It Was Better When (Final Fantasy X / Grandia II)

Final Fantasy X was better when it was called "Grandia II".

The story follows an egotistical hipster douchebag with spiky hair...


Who becomes bodyguard to a priestess...


Who possesses a monstrous power within...


and they begin a journey to find an ultimate weapon...


in order to combat a nearly omnipotent evil force plaguing their world.


Over the course of their adventure they befriend a cute blonde ostracized from society at large for their clan's beliefs...


and a quiet yet kind beast-man...


and fight several of the big bad's minions.


Along the way there is much talk of the hero's rotten family member.


He is eventually revealed to be corrupted by the big bad, and the hero eventually confronts and defeats him to settle a long-standing grudge.


Eventually one of the church's agents is revealed to be an insane zealot...


which soon unfolds into the entire church being corrupt at its core...

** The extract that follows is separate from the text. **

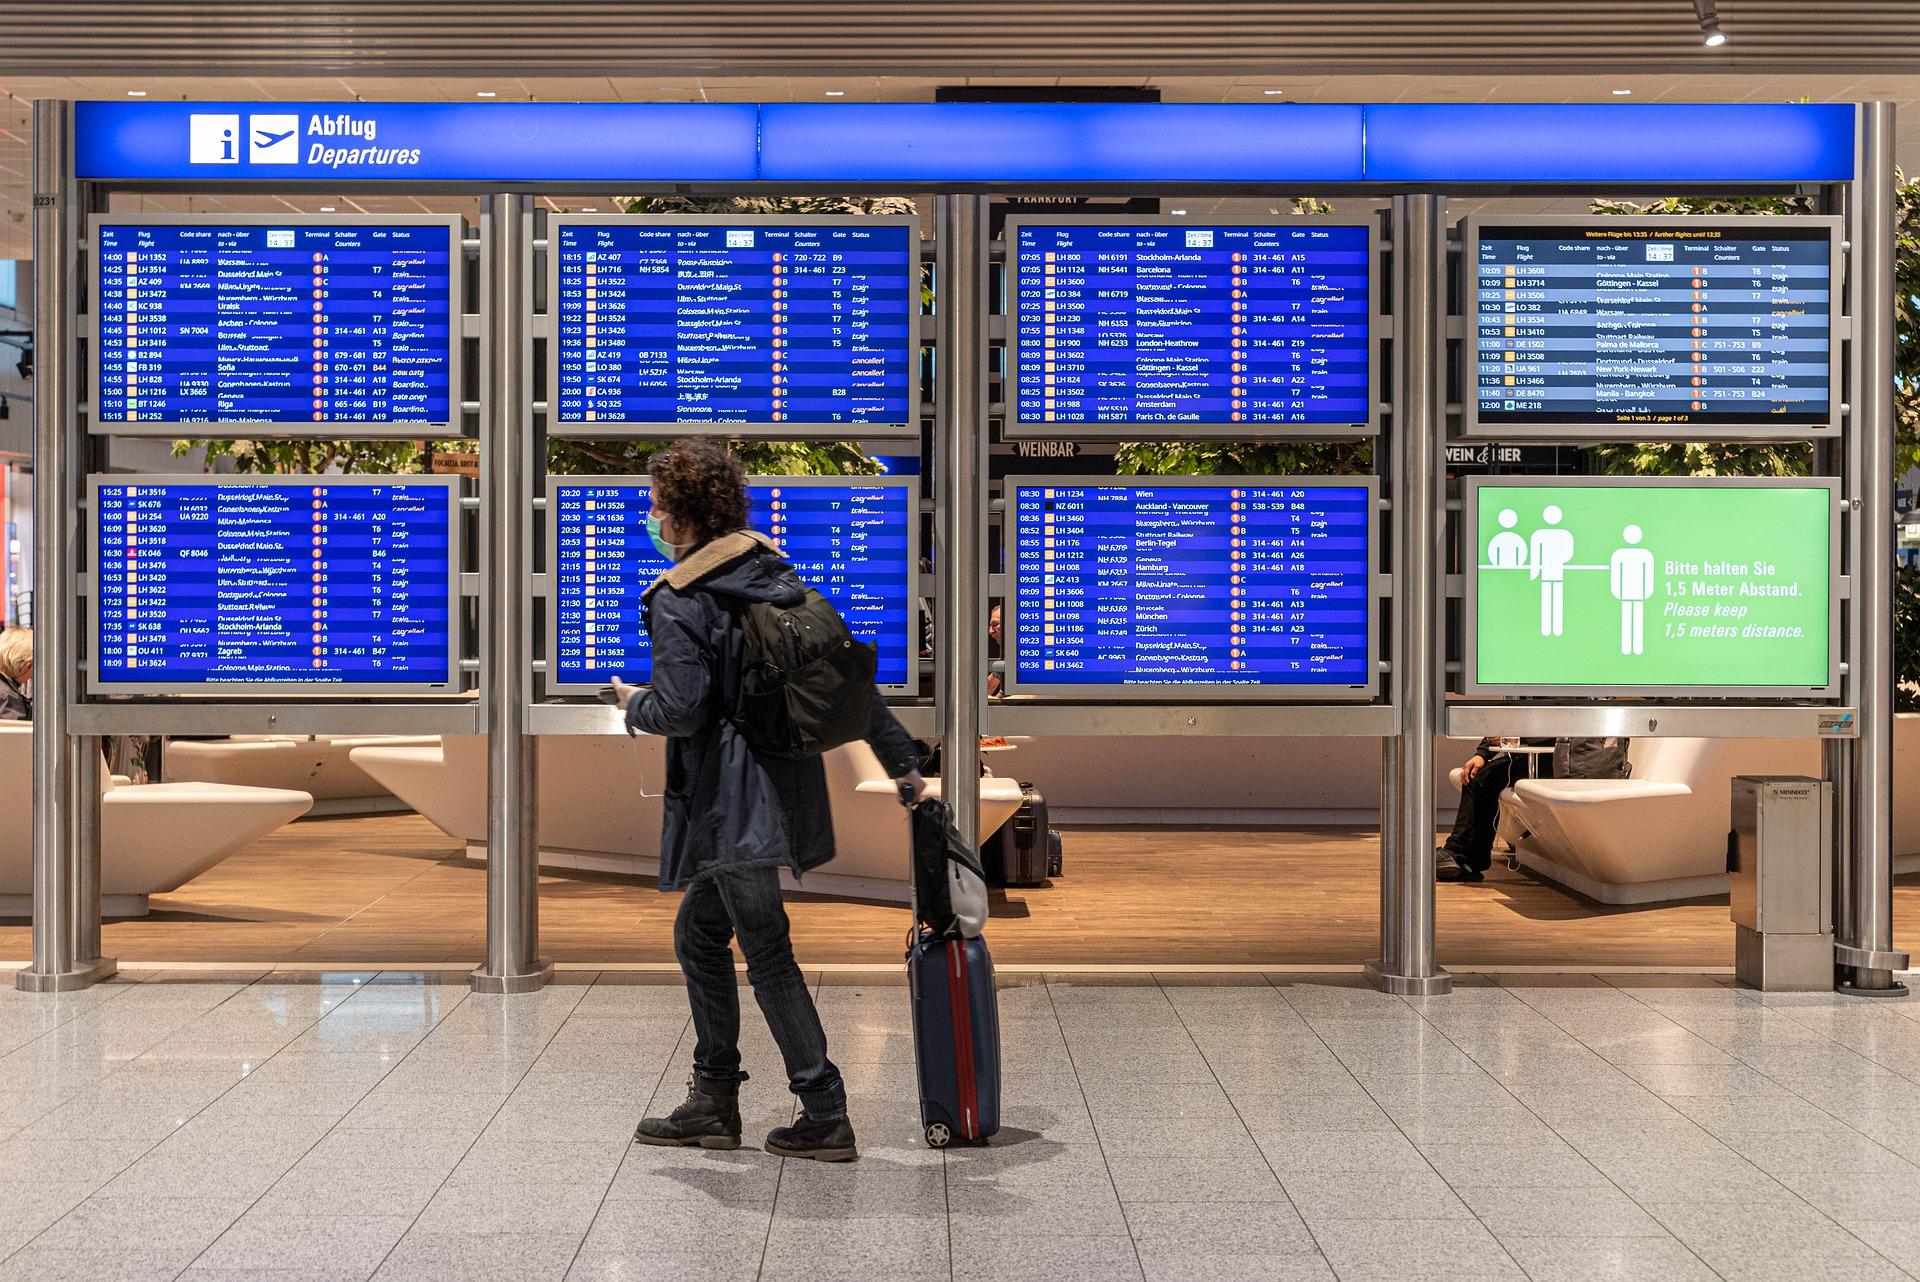 Person walking through an airport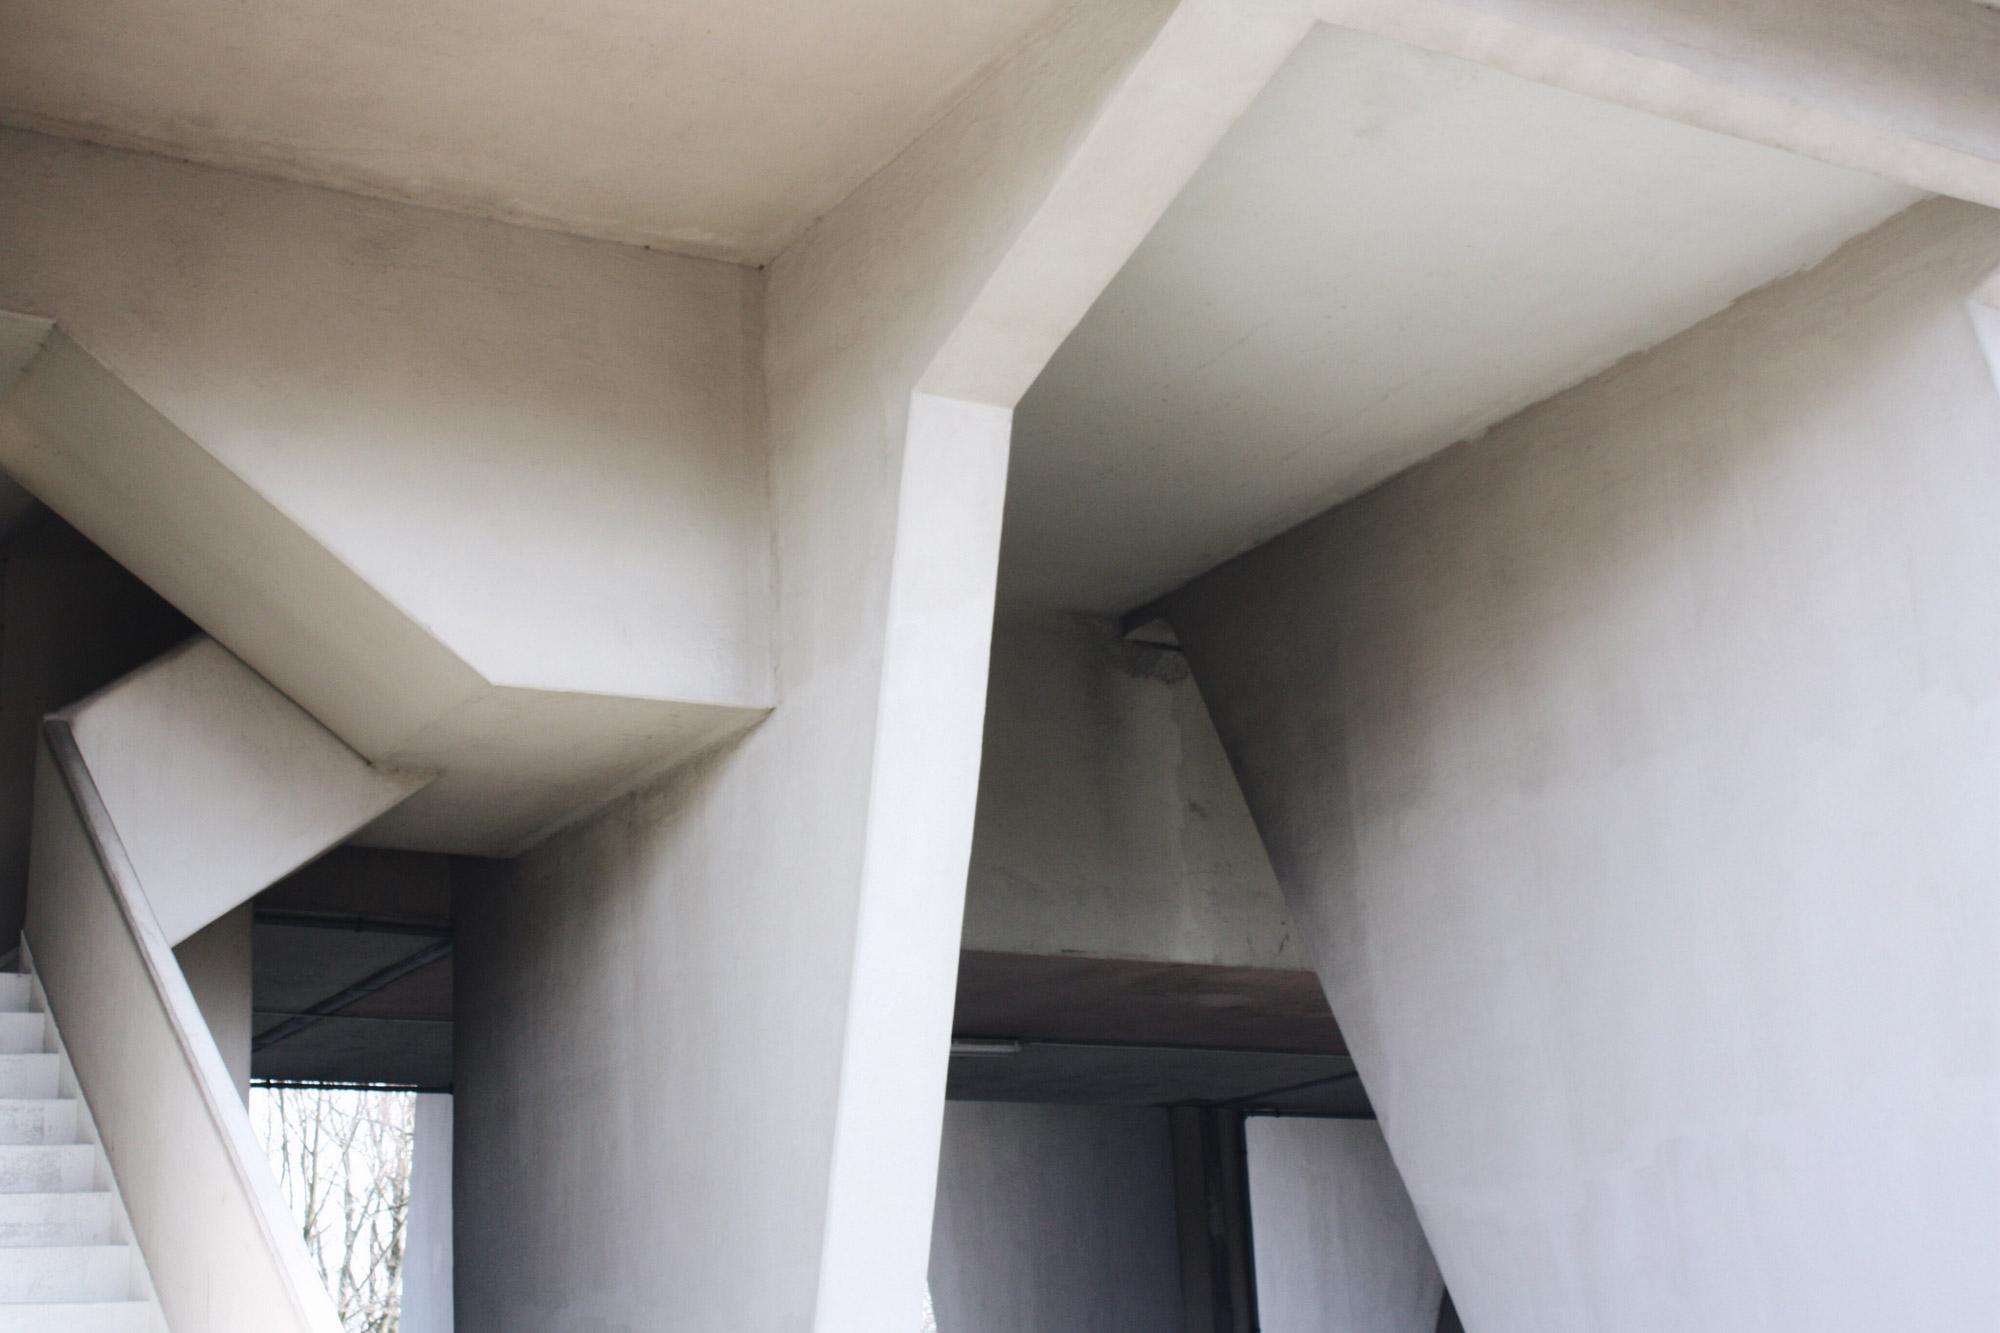 urbanbacklog-berlin-le-corbusier-unite-d-habitation-9.jpg

and enacting a nihilistic plan to bring about the end of all life...


...which the priestess was an unwitting pawn in, as their "dark powers" are key to sustaining the big bad's existence.


The plot twists again when another character is revealed to be privy to the ultimate truth behind the nature of the game's events...


and reveals that the "big bad" and the "ultimate good" are one and the same, and the product of ancient man's hubris to boot.


The hero then finds the power to confront the big bad on equal terms through a particularly corny anime trope...


the group enters his body...


Inside, they confront the corrupted clergymen with delusions of godhood...


...and bring salvation and eternal happiness to the world overnight.  An extremely realistic depiction of what would occur if an entire world's belief system and governmental body were completely and inexorably shattered, I'm sure.  Every militant atheist I've ever spoken to says that's exactly how it'll go down, and they must be right because the braindead lapdogs they've bullied trained into mindlessly parroting their life philosophy back to them on command all say so too!  And if they're in the "majority" in a vicious hate-fueled dogpile on anyone who ever questions them argument, that means they're always right!  So you'd best lie down, roll over and start kissing their asshole from here until doomsday, because it's only a matter of time before all of their self-righteous masturbation on Facebook pays off and they finally get recognized as the Ubermensch and put on a pedestal for the whole world to worship and obey without question.  And when that day comes, the first ones on the gallows will be anyone who ever told them they were wrong about anything!
Boy, who would have guessed that the one true path to enlightenment was dropping out of college after two semesters of majoring in partying, working the same thankless minimum wage retail job for fifteen years and never getting that promotion you "deserve" because your NPD and the Dunning-Kruger effect prevent you from realizing you're a mediocre, self-absorbed, miserable fucking asshole who treats his friends and family like shit?
Oh, and the priestess character arbitrarily decides to become a musician at the end.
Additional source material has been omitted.